_Exercise:_ Each line of the data must be copied exactly.

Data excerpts

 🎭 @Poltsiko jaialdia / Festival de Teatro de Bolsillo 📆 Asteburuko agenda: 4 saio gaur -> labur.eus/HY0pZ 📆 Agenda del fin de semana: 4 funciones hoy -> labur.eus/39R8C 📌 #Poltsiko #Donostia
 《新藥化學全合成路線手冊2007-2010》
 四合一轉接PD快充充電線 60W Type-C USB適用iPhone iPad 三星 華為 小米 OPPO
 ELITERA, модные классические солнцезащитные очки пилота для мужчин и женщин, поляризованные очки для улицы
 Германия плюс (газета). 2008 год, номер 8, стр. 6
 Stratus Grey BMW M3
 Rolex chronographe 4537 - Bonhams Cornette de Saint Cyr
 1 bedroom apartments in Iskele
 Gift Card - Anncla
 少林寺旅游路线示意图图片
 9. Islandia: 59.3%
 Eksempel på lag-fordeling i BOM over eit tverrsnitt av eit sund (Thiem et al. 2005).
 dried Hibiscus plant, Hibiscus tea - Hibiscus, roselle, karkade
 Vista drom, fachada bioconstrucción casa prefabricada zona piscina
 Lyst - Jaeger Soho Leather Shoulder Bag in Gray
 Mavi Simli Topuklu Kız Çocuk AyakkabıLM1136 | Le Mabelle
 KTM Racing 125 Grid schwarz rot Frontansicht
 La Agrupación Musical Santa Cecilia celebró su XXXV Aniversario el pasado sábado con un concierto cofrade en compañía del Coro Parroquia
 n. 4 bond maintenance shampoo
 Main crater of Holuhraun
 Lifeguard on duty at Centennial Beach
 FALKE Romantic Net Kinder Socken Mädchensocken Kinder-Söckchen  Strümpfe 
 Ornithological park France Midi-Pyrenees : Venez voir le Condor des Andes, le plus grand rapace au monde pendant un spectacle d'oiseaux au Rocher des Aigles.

_Result:_
 🎭 @Poltsiko jaialdia / Festival de Teatro de Bolsillo 📆 Asteburuko agenda: 4 saio gaur -> labur.eus/HY0pZ 📆 Agenda del fin de semana: 4 funciones hoy -> labur.eus/39R8C 📌 #Poltsiko #Donostia
 《新藥化學全合成路線手冊2007-2010》
 四合一轉接PD快充充電線 60W Type-C USB適用iPhone iPad 三星 華為 小米 OPPO
 ELITERA, модные классические солнцезащитные очки пилота для мужчин и женщин, поляризованные очки для улицы
 Германия плюс (газета). 2008 год, номер 8, стр. 6
 Stratus Grey BMW M3
 Rolex chronographe 4537 - Bonhams Cornette de Saint Cyr
 1 bedroom apartments in Iskele
 Gift Card - Anncla
 少林寺旅游路线示意图图片
 9. Islandia: 59.3%
 Eksempel på lag-fordeling i BOM over eit tverrsnitt av eit sund (Thiem et al. 2005).
 dried Hibiscus plant, Hibiscus tea - Hibiscus, roselle, karkade
 Vista drom, fachada bioconstrucción casa prefabricada zona piscina
 Lyst - Jaeger Soho Leather Shoulder Bag in Gray
 Mavi Simli Topuklu Kız Çocuk AyakkabıLM1136 | Le Mabelle
 KTM Racing 125 Grid schwarz rot Frontansicht
 La Agrupación Musical Santa Cecilia celebró su XXXV Aniversario el pasado sábado con un concierto cofrade en compañía del Coro Parroquia
 n. 4 bond maintenance shampoo
 Main crater of Holuhraun
 Lifeguard on duty at Centennial Beach
 FALKE Romantic Net Kinder Socken Mädchensocken Kinder-Söckchen  Strümpfe 
 Ornithological park France Midi-Pyrenees : Venez voir le Condor des Andes, le plus grand rapace au monde pendant un spectacle d'oiseaux au Rocher des Aigles.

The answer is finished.